Call it what you want: resignation lethargy, quarter-life crisis, or plain old sloth. The fact remains that I feel like I'm in limbo. I've got no energy to go to work but at the same time, I'm feeling the itch of not doing anything worthwhile these days.

I want to start over again, do something more meaningful. But before I can do that, I have to go through the motions of going to the office every day like a zombie, without accomplishing anything at all.

Don't get me wrong. I'm not trying to rush my inevitable return. There are still too many things in Manila that I'm not ready to let go of. For instance, I've got my colleagues in work, many of whom have become close friends in the past few months. I've got my so-called independence and my favorite places in Manila which I haven't visited yet (paradoxical huh?).

The truth is, deep inside me, I wish I could stay here longer, not only for the people I'll be leaving behind but also for the sights and the scenery I have yet to see. But I also know that I won't start "living" again if I don't return home soon (Plus, I'll be living off my emergency funds for the next two weeks. Going home is my only option for survival).

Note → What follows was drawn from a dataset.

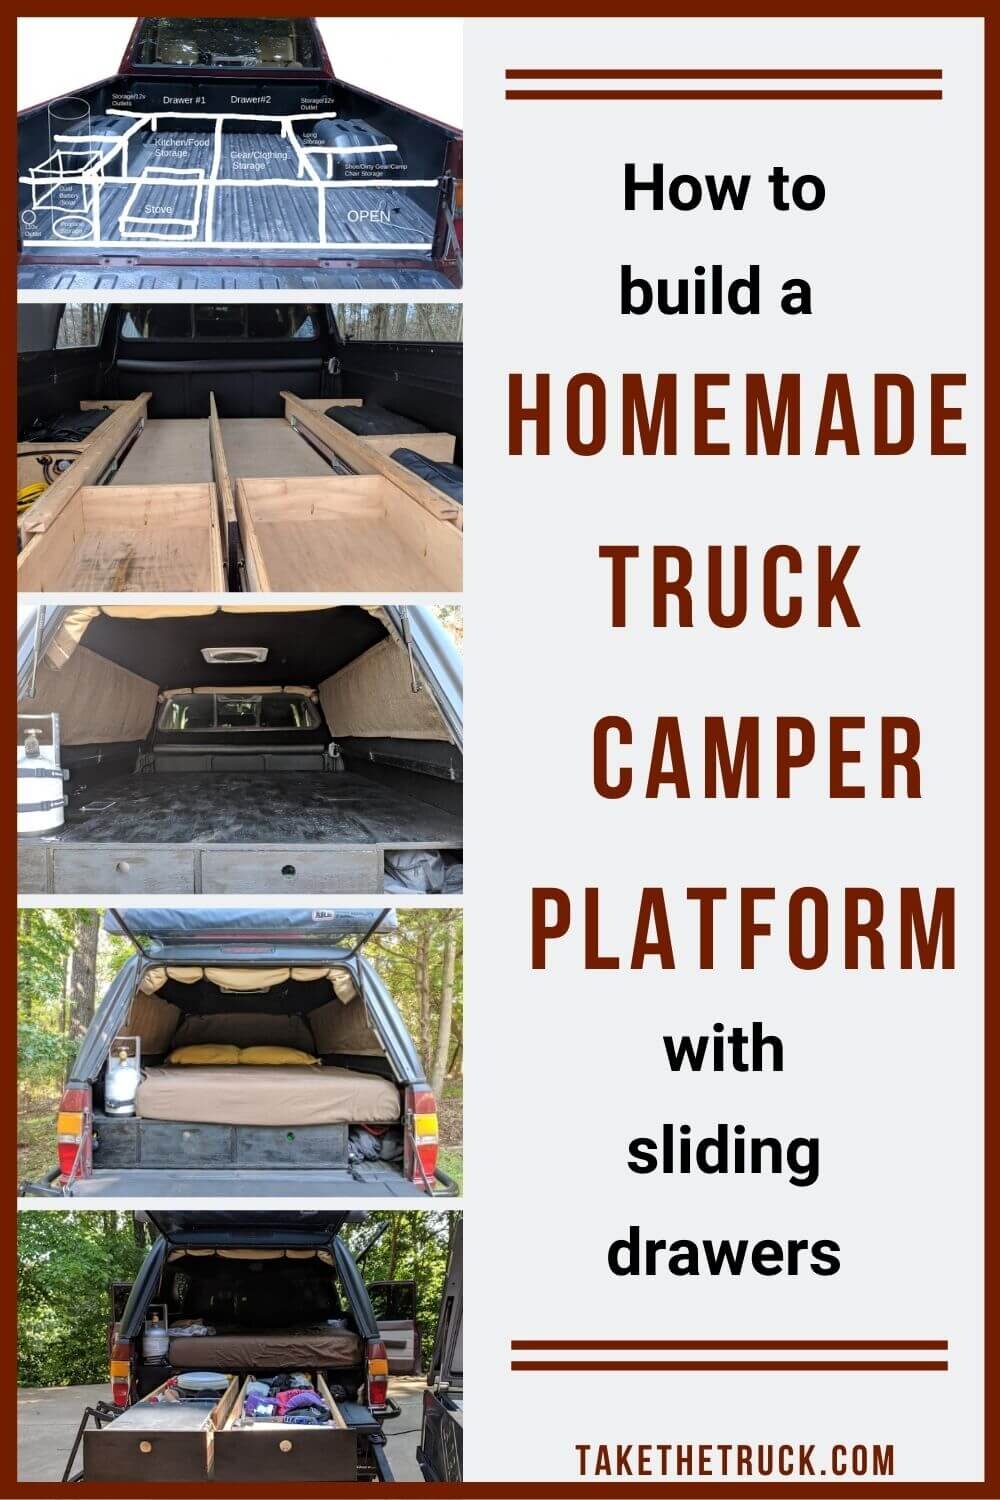 Detailed truck camper plans and diagrams to build an awesome truck bed camping platform for sleeping with truck bed drawers for storage. DIY truck camping platform build made easy!

So here I am: a spent force, lifeless, removed of all passion and any inner striving for excellence.

But here I am as well: giddy, excited, hands itching, mind's thumping, heart beating. All for the many opportunities and possibilities around the corner.

Despite the uneasiness this period is giving me, I feel happy that I'm at last heading somewhere better. My only remaining wish for now is that this episode ends as it should.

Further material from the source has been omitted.